Every line below is to be set down again exactly; any image stays out.

──────── SUPPLIED MATERIAL ────────

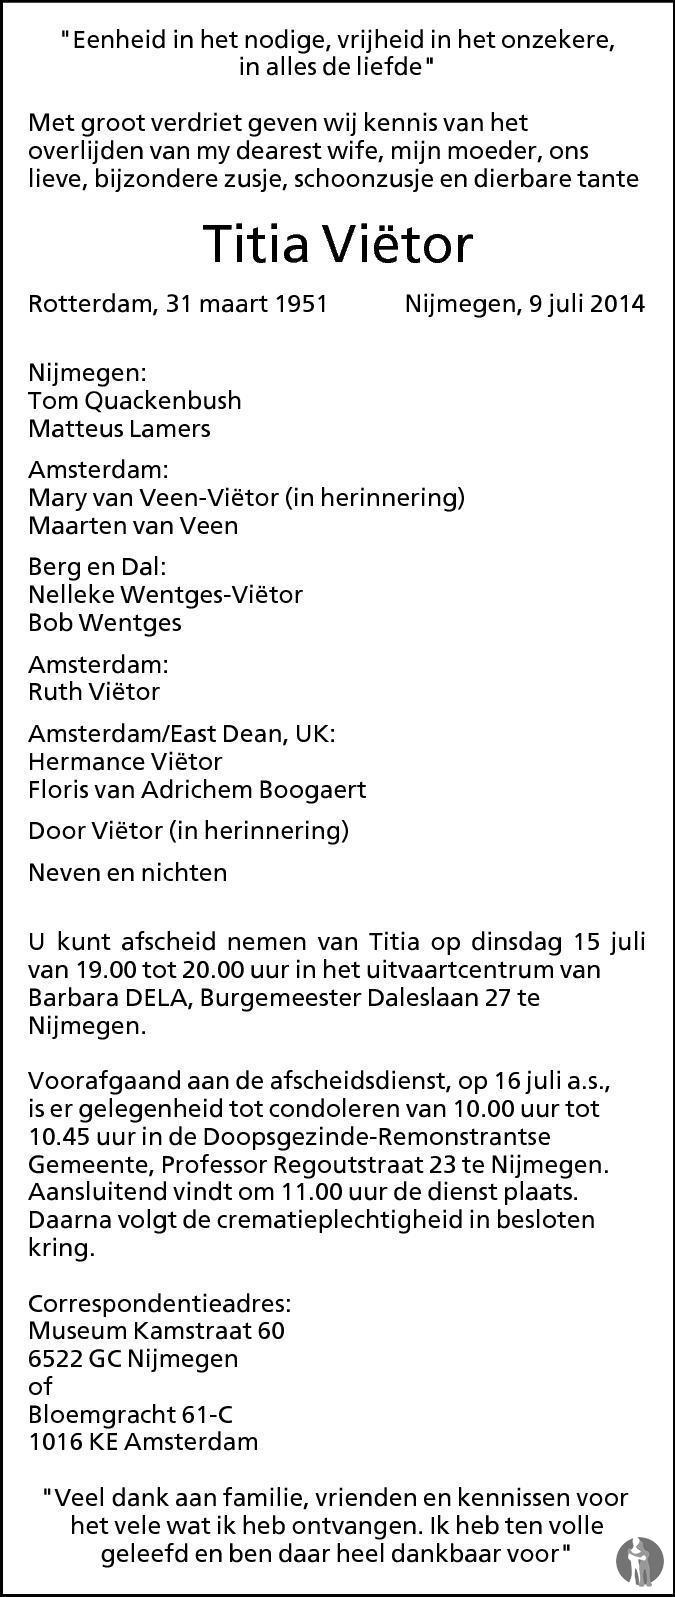 Overlijdensbericht van Titia Viëtor in de Gelderlander
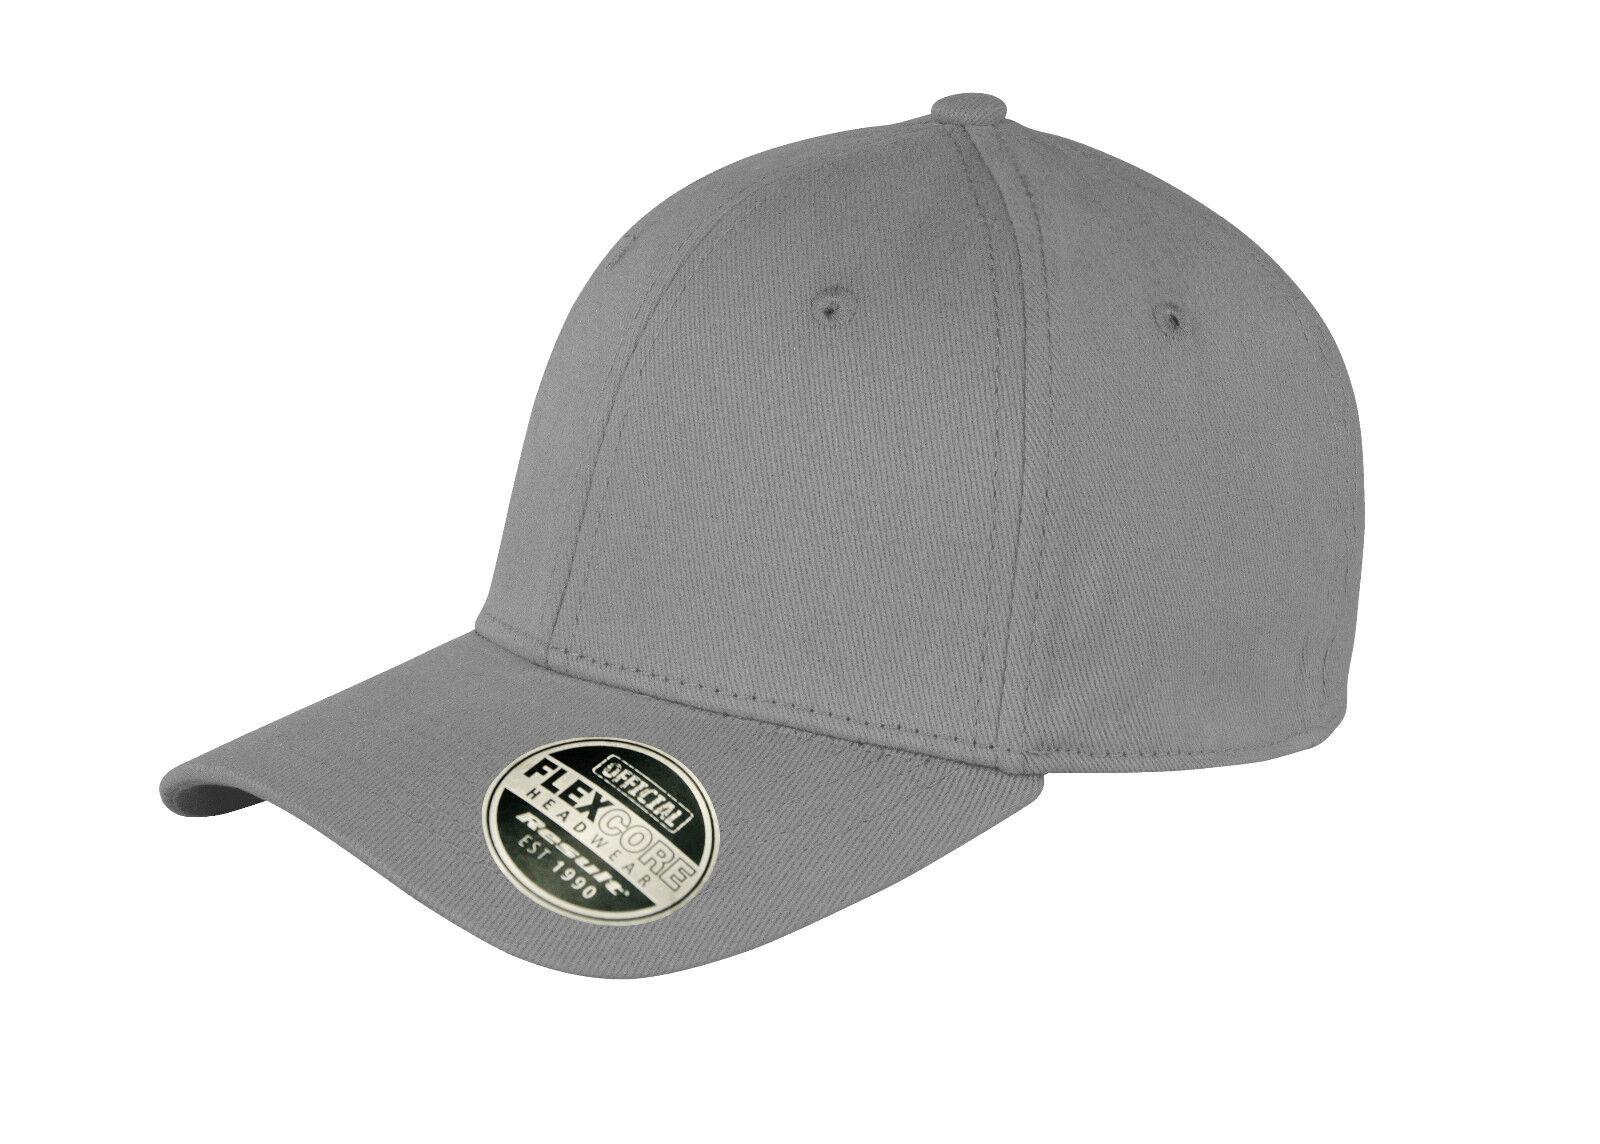 39d52056239a1 Details about New Unisex Plain Grey Flexible Fit Flex Core Cotton Fitted Baseball  Cap
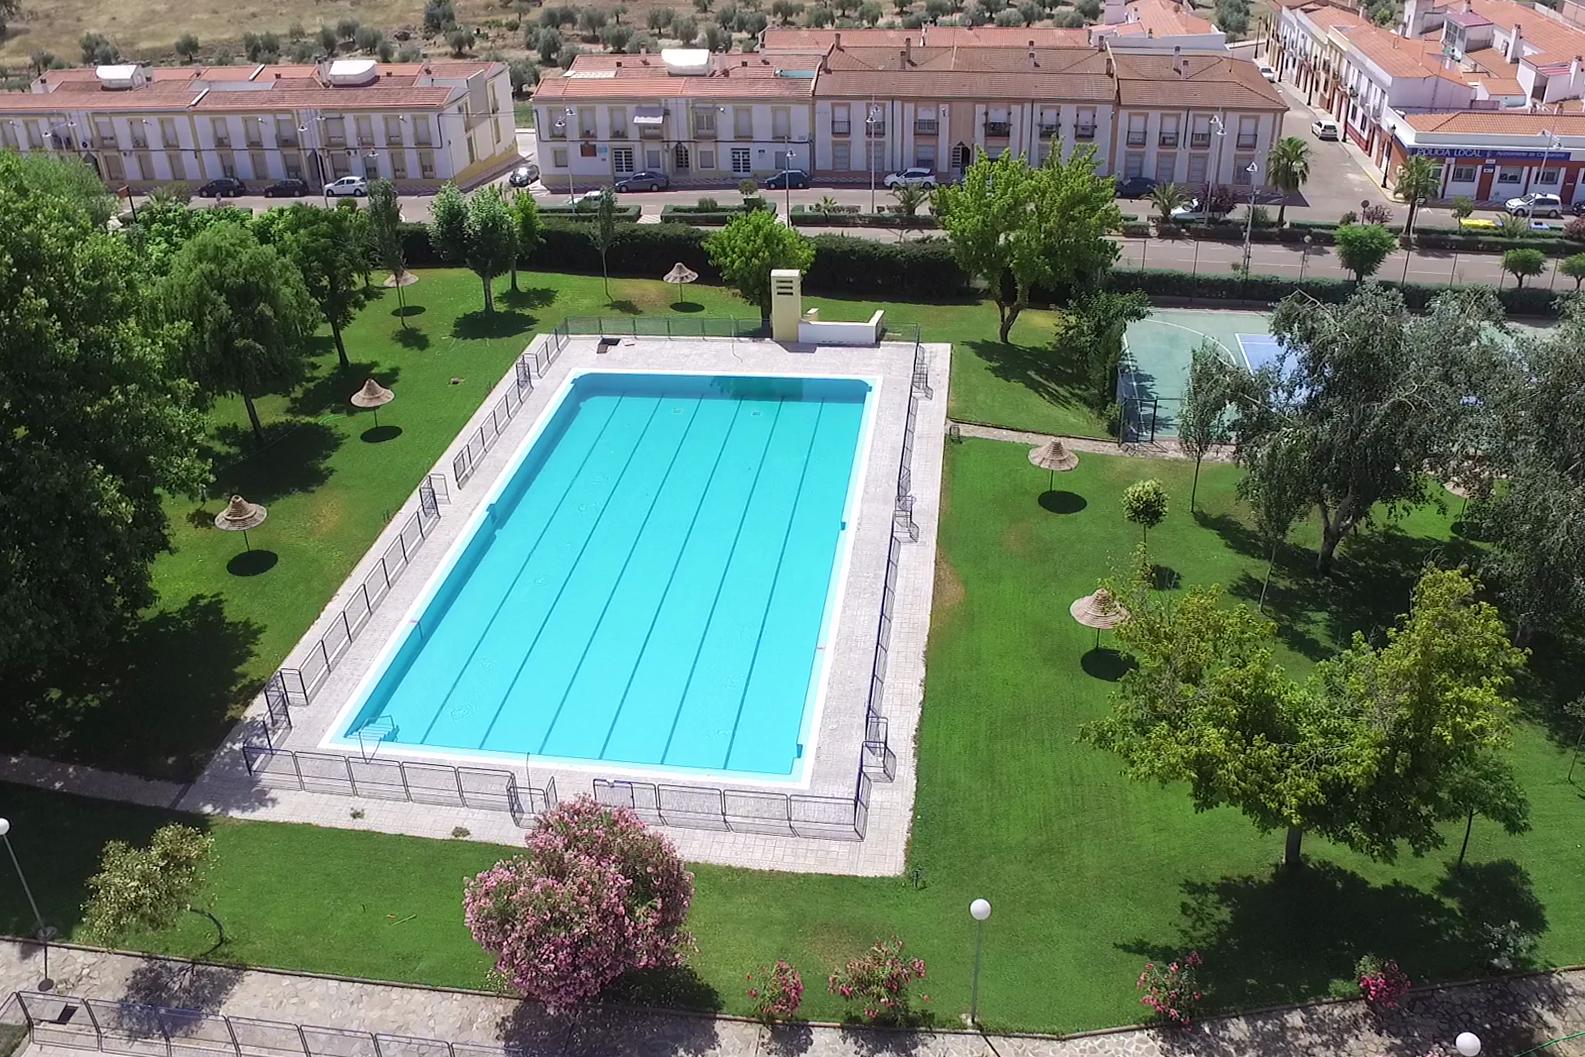 La piscina municipal amplia su horario durante los fines for Horario piscina alaquas
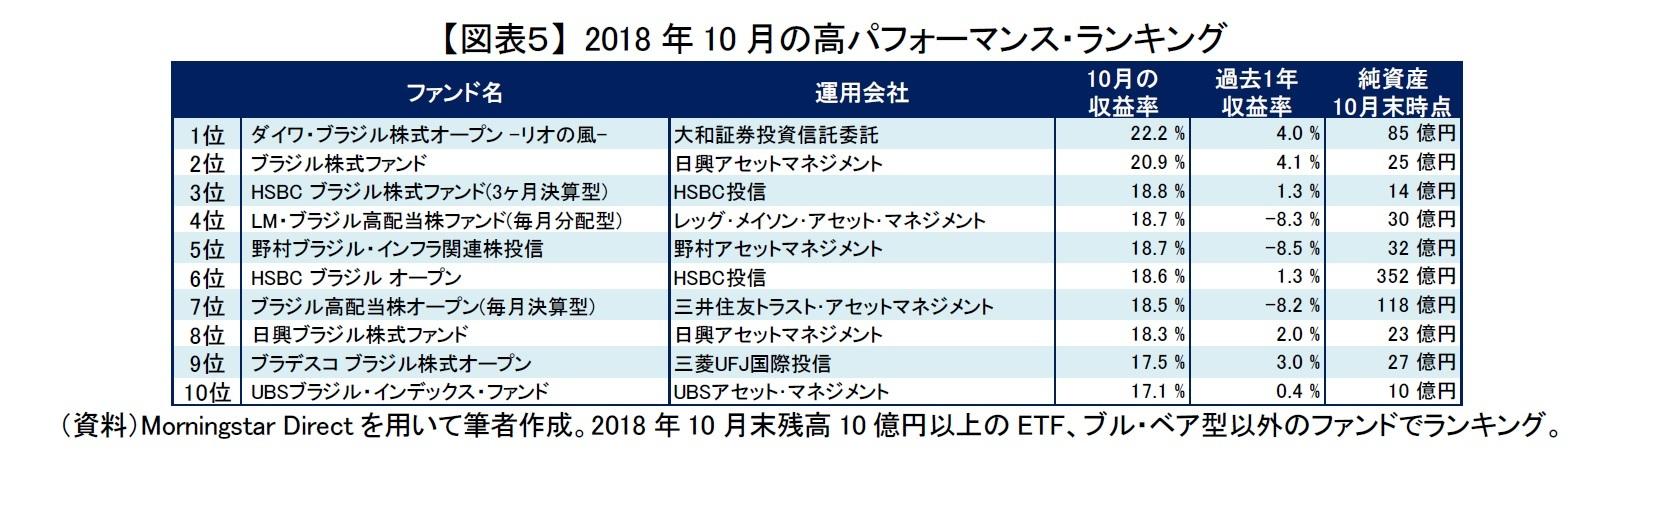 【図表5】 2018年10月の高パフォーマンス・ランキング

────────

> **SOLUTION TO THE EXERCISE**:
 Overlijdensbericht van Titia Viëtor in de Gelderlander
 39d52056239a1 Details about New Unisex Plain Grey Flexible Fit Flex Core Cotton Fitted Baseball  Cap
 La piscina municipal amplia su horario durante los fines for Horario piscina alaquas
 【図表5】 2018年10月の高パフォーマンス・ランキング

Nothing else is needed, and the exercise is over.